Last week, I was on a panel at the Silicon Valley Directors’ Exchange (SVDX) on Robotics and AI: How will Boards Embrace Tomorrow’s Technologies?
One of the issues we discussed was what happens to displaced workers who lose their jobs to AI.
Let us say, a company that I am on the Board of has just sold a piece of software to 200 enterprise customers for $1 million each and created $200 million of high velocity, richly profitable revenue. But, in the process, at each company, 500o workers have lost their jobs. That is a million workers that we have just put out of work.
The Board is concerned that these one million displaced people will now go to social media attack the company for being a livelihood destroyer. We’re facing a PR nightmare.
Unless we retrain them and make them viable another way.
So, what is the retraining strategy for this mass of displaced workers?
While displaced programmers who have been replaced by automatic code-generators can become data scientists, factory workers, BPO workers, and truck-drivers cannot. They do not have the IQ to upgrade themselves to that extent.
We talked about brain implants and augmentation of human cognitive capacity in the last segment of this series.
The question that I am toying with, and that I posed at the panel last week is this: Can displaced workers with average IQ be retrained to become doctors?
Let me explain why I am going in this direction.
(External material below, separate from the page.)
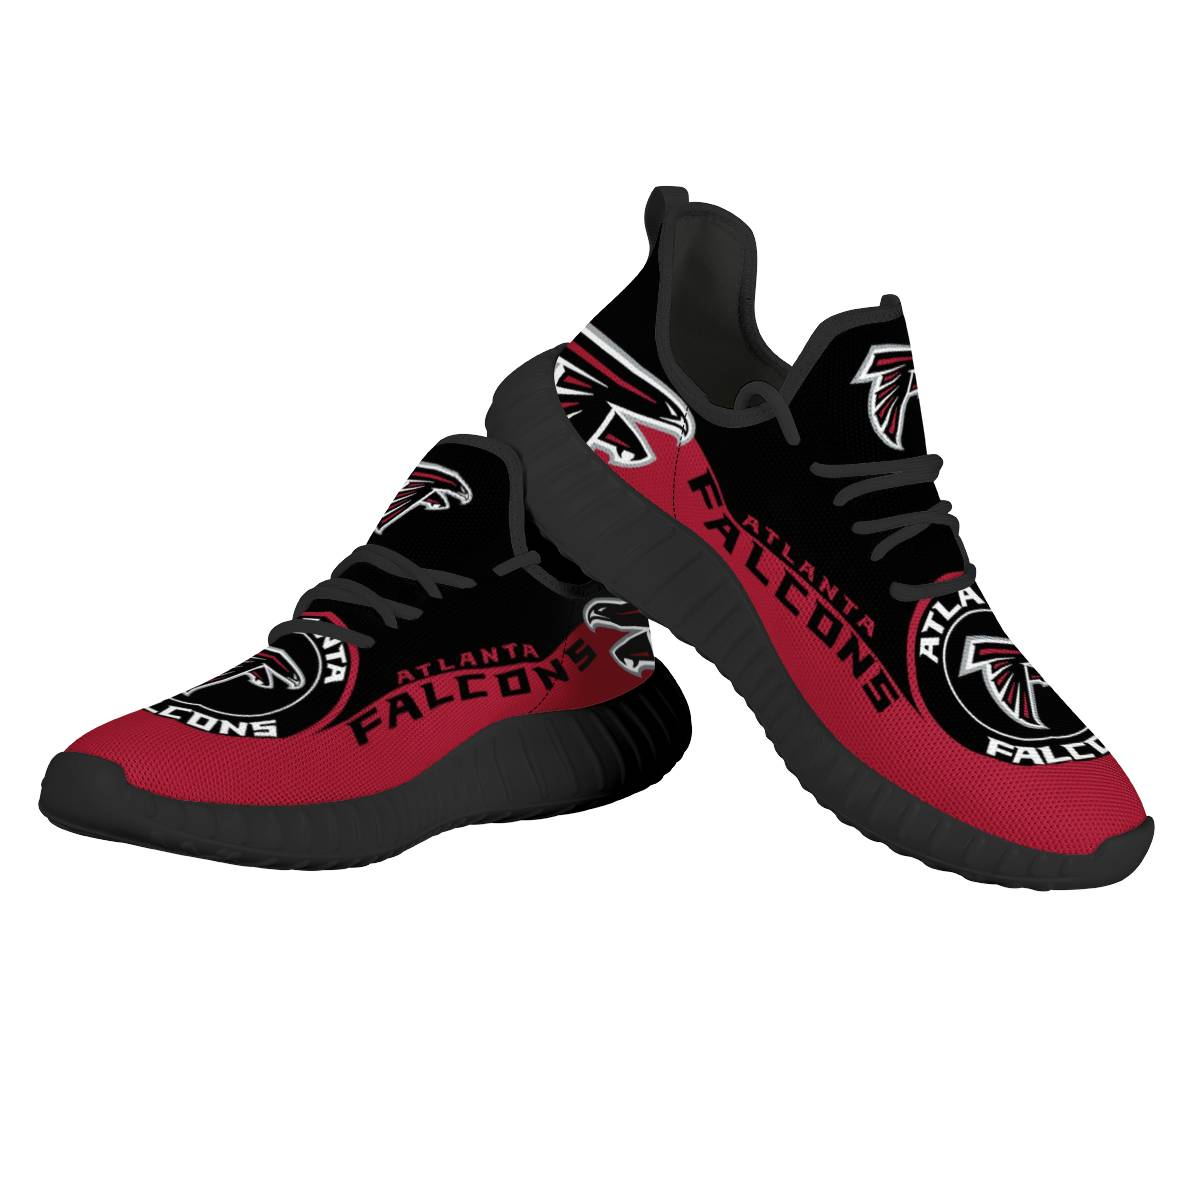 Women's NFL Atlanta Falcons Mesh Knit Sneakers/Shoes 004

Doctors, I think, NEED AI. As it stands, we expect them to do an incredible level of multi-variate optimization in their heads. We expect them to factor in symptoms, test results, drug parameters (including side-effects and cross-medicinal impact), current research, genetic data, data-driven predictive models, and a whole lot more and guide patients’ wellness quests. This is preposterous for average IQ people. It is even impossible for high IQ people to do at any degree of precision. I, personally, would much prefer an AI doctor, and in this case, one that may assist a human with a certain degree of knowledge and training.
Now, if we go back to the possibility of human evolution (man becoming superman) using brain implants and augmentation technologies, could we upgrade displaced, very average IQ people to become adequately knowledgable, such that they can then work with the AI doctors and become viable citizens with decent livelihoods?
If the answer is yes, then humanity would take a step forward.
Quality of healthcare today sucks on a large scale. AI can improve that decisively. And if augmentation can bring hundreds of million displaced people up-to-speed to offer quality healthcare, we have solved one of the key issues facing humanity today: extreme poverty and inequality.
I will be watching the developments in this space with keen attention.